Portman dominates the film, but she receives strong support from Peter Sarsgaard as Robert Kennedy, Billy Crudup as the journalist, and the late, great John Hurt as a priest.

Jackie is available on both Blu-ray and standard DVD.

One of Disney’s best animated musicals to come along in some time, Moana, set in Ancient Polynesia, boasts a score by Mark Mancina and songs by Mancina, Lin-Manuel Miranda, and Opetaia Foa’i, the best of which is Miranda’s Oscar-nominated “How Far I’ll Go”.

The voice cast is headed by then-15-year-old newcomer Auli’i Cravalho as the Chieftan’s daughter and Dwayne “The Rock” Johnson as her idol, the demigod Maui, in a story based on Polynesian mythology.

Moana is available in both Blu-ray and standard DVD.

From John Carney, the director of Once and Begin Again, comes Sing Street, easily his best musical to date.

Newcomer Ferdia Walsh-Peelo stars as a 15-year-old boy in 1985 Dublin who forms a band in order to impress a girl (Lucy Boynton). The score is a mix of 1980s covers and original songs, the best of which is easily “Drive It Like You Stole It,” which received numerous Best Song nominations and awards, but was overlooked by Oscar.

The superb supporting cast includes Jack Reynor as Walsh-Peelo’s stoner older brother, Aiden Gillen and Maria Doyle Kennedy as his battling parents, and Don Wycherly as the stern principal of his new school.

Sing Street is available on both Blu-ray and standard DVD.

Less than nine months after Paramount’s bare-bones release of 2015’s 45 Years on Blu-ray and standard DVD, Criterion has issued a Special Edition of Andrew Haigh’s film starring Charlotte Rampling and Tom Courtenay.

Rampling, in her only Oscar-nominated performance, and Courtenay (The Loneliness of the Long Distance Runner), both contribute to a discussion of the making of the film with Haigh.

Among those films receiving their initial Blu-ray release are Compulsion, Finian’s Rainbow, and S.O.B..

Film historian Tim Lucas provides one of the most incisive commentaries you will ever listen to on Kino Lorber’s presentation of Richard Fleischer’s 1959 film version of Meyer Levin’s Compulsion.

Dean Stockwell and Bradford Dillman as a thinly fictionalized Leopold and Loeb, and Orson Welles as an equally thinly disguised Clarence Darrow, shared Best Actor awards at that year’s Cannes Film Festival.
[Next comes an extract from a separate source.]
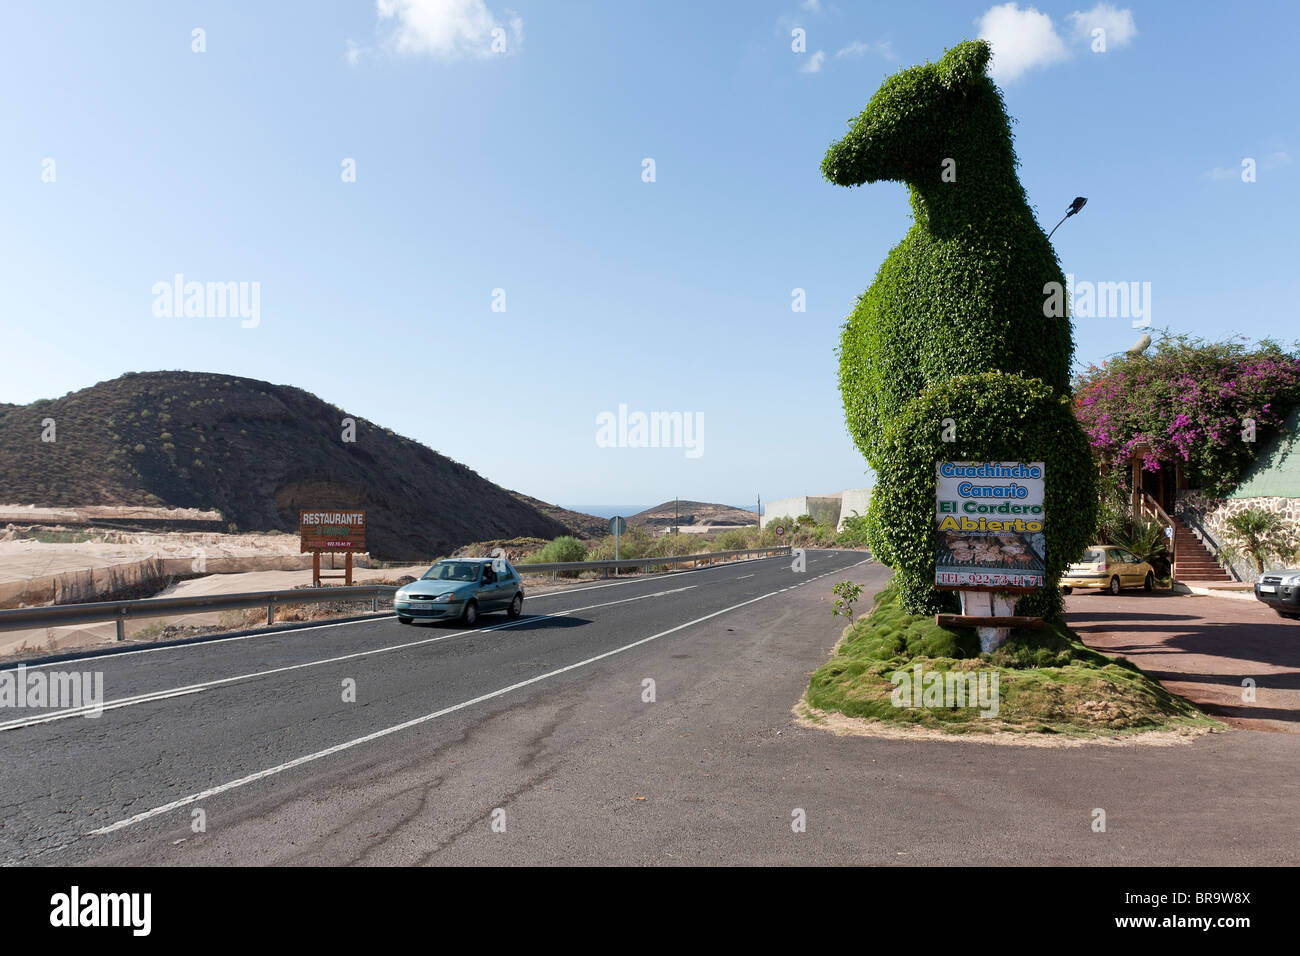 A group of trees trimmed into the shape of a giant lamb topiary to advertise a restaurant at Guargacho in Tenerife Stock Photo

Stockwell would repeat the feat three years later, sharing 1962’s Best Actor award at Cannes with Ralph Richardson and Jason Robards for Long Day’s Journey Into Night.

As Lucas points out, Fleischer’s film was uncannily mirrored by Richard Brooks’ film of Truman Capote’s In Cold Blood eight years later. Both films were based on true stories about thrill killings committed by two young men. Both were widescreen black-and-white films and both received Best Picture nominations from awards bodies other than Oscar. BAFTA nominated Compulsion, while the Globes nominated In Cold Blood.

It was only twenty-one years from the Broadway opening of Burton Lane and E.Y. Harburg’s masterful musical Finian’s Rainbow when Warner Bros. made it into a film in 1968, yet the world had changed so drastically that the story seemed to have come from another age altogether. It wasn’t helped by fledgling director Francis Ford Coppola dragging out scene after scene. On the plus side, however, is the enduring charm of Fred Astaire, sans top hat and tails, as the scraggly, aging Irishman in search of a pot of gold. Equally charming are Petula Clark as his daughter, Don Francks as her beau, and Tommy Steele as the world’s tallest leprechaun. Best of all, nothing, but nothing, could diminish the power of Lane and Harburg’s music and lyrics, which remain the heart and soul of the production.

Warner Archive’s sparkling release includes the film’s overture and intermission.

Looking just as good is Warner Archive’s release of Blake Edwards 1981 film S.O.B. . The film, however, like much of Edwards’ output, is a matter of taste. Aside from Robert Preston, who is hilarious as a sort of Dr. Feelgood to the stars, the film is one crude and ridiculous scene after another. Julie Andrews (Mrs. Edwards) is ill-used as an actress, not unlike herself, who wants to change her goody-two-shoes image by revealing her breasts on screen. Fortunately, Edwards, Andrews, and Preston had Victor/Victoria in release five months after this turkey.

This week’s new releases include Fences and Elle.